The Guest/Candidate Travel Form must be used for any/all guests or candidates coming to the University. These forms acknowledge the individual, their expenses, departmental and/or research finance approvals, must be obtained in order to complete the process. This form must also be completed for any individual traveling under the title of “Emeritus” representing UConn Health. For guest traveling under “Emeritus” use the line “Other” for any registration fees or contact Travel Office to arrange for on-line registration to be prepaid with UConn Health credit card.

The form must be completed in its entirety, including Social Security number (SSN). The SSN is used to debar these individuals as discussed below. View our example of how a completed Guest/Candidate Travel Form, should be filled out.

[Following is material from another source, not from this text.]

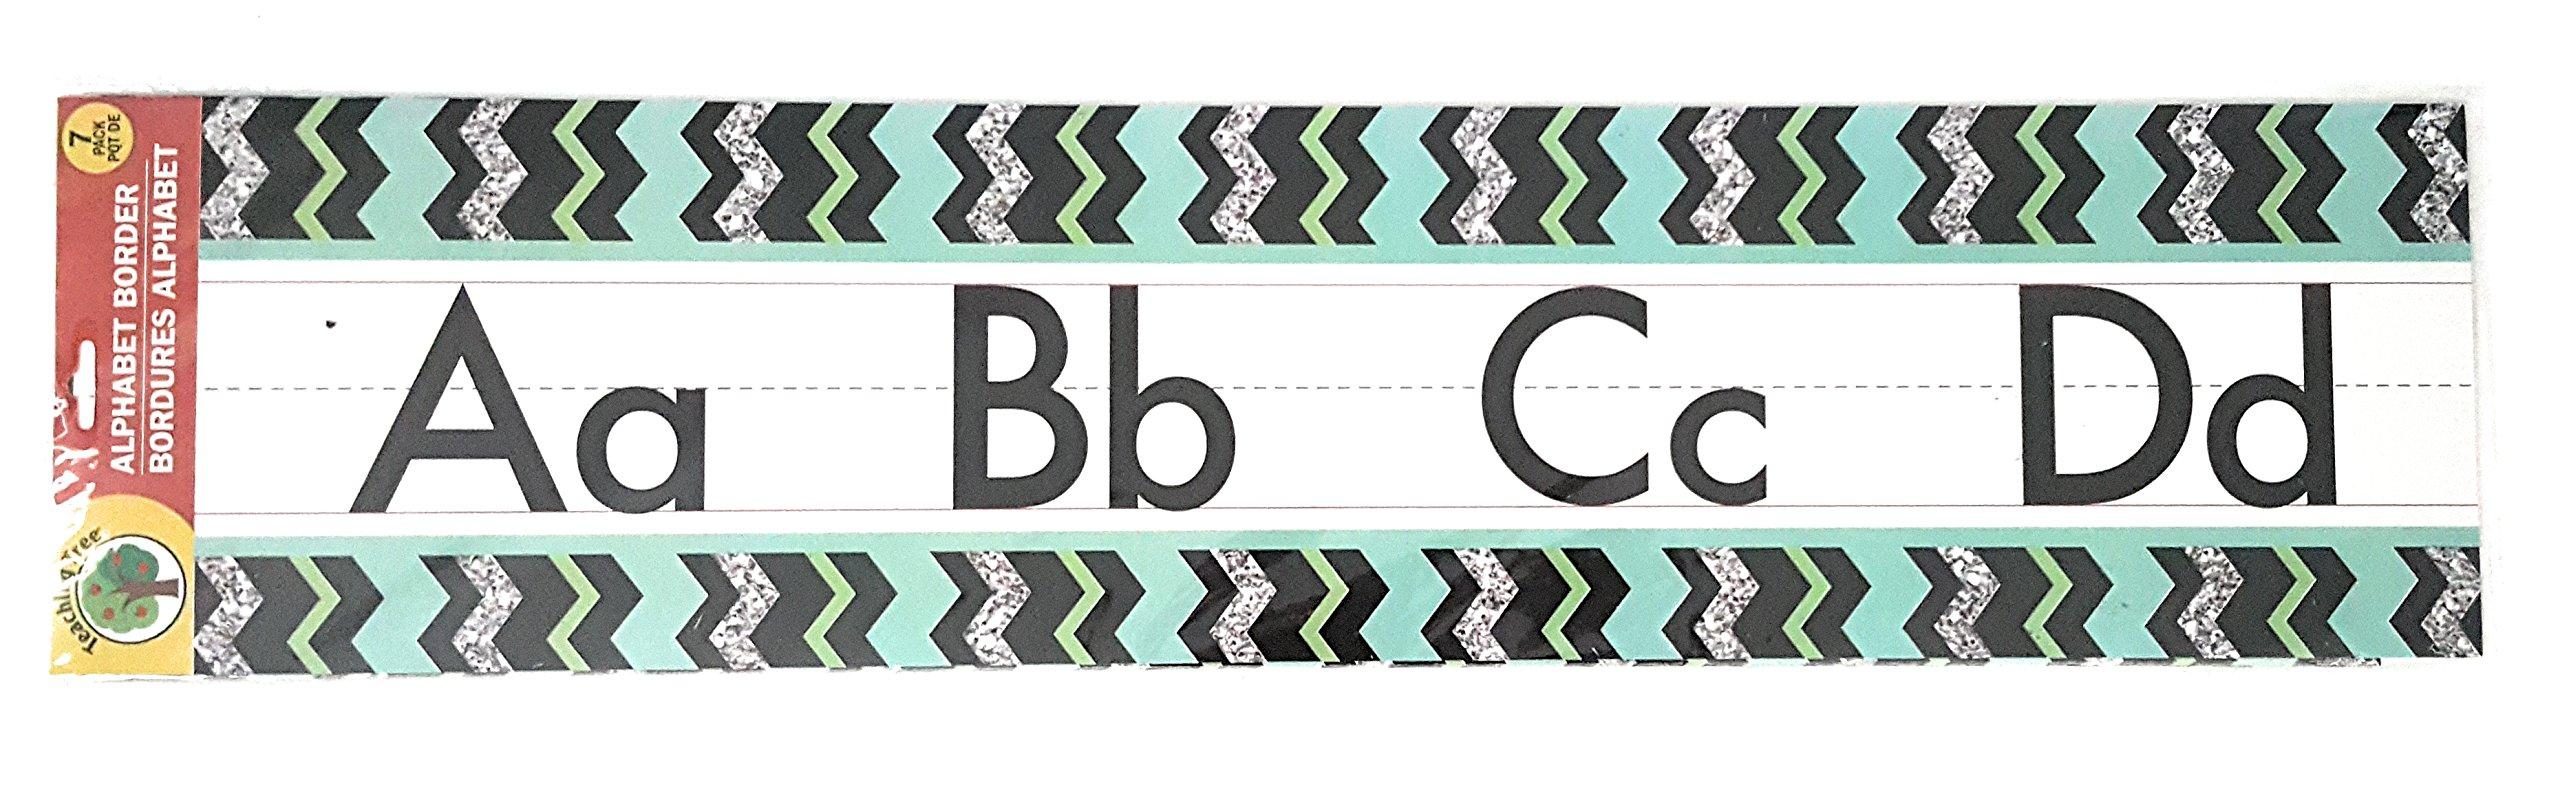 Teaching Tree Manuscript Alphabet Bulletin Back to School Board Creative Strips School Office Resources Scholastic Teacher Teacher's Bulletin Trim Wall Border Decal Classroom Decoration Black Zigzag 2

It is the responsibility of the host department to submit an original completed/and fully approved Guest/Candidate Travel Form to the Travel Office. If an honorarium is requested, procurement paperwork must accompany the Guest/Candidate Travel form. The Financial Administrative Supervisor will approve, upon the debarment search.

Non Resident Alien

A Non Resident Alien is a classification assigned to a Non U.S. citizen or foreign national. A completed Non Resident Alien form must accompany the Guest/Candidate Travel form in order to fulfill debarment requirements.

Guest/Candidate Airfare

Coach fare is required. If airfare is purchased through a UConn Health contracted agency and is to be paid for with UConn Health funds, check the appropriate box on the Guest Travel Authorization Form. This form must be submitted to the Financial Administrative Supervisor in the Travel Office (MC 5112) three (3) weeks before the scheduled visit, or within three (3) business days of booking the airline reservation, whichever is earlier.

Airline reservations for UConn Health guests can be made through our contracted vendor Sanditz.

If the guest purchases his/her own airline ticket: Clearly mark on the Guest/Candidate Travel Form that the ticket was purchased by the guest/candidate, to ensure proper reimbursement.

Instructions on How to Complete the Guest Travel Authorization Form

Download our example of how a completed Guest/Candidate Travel Form, should be filled out.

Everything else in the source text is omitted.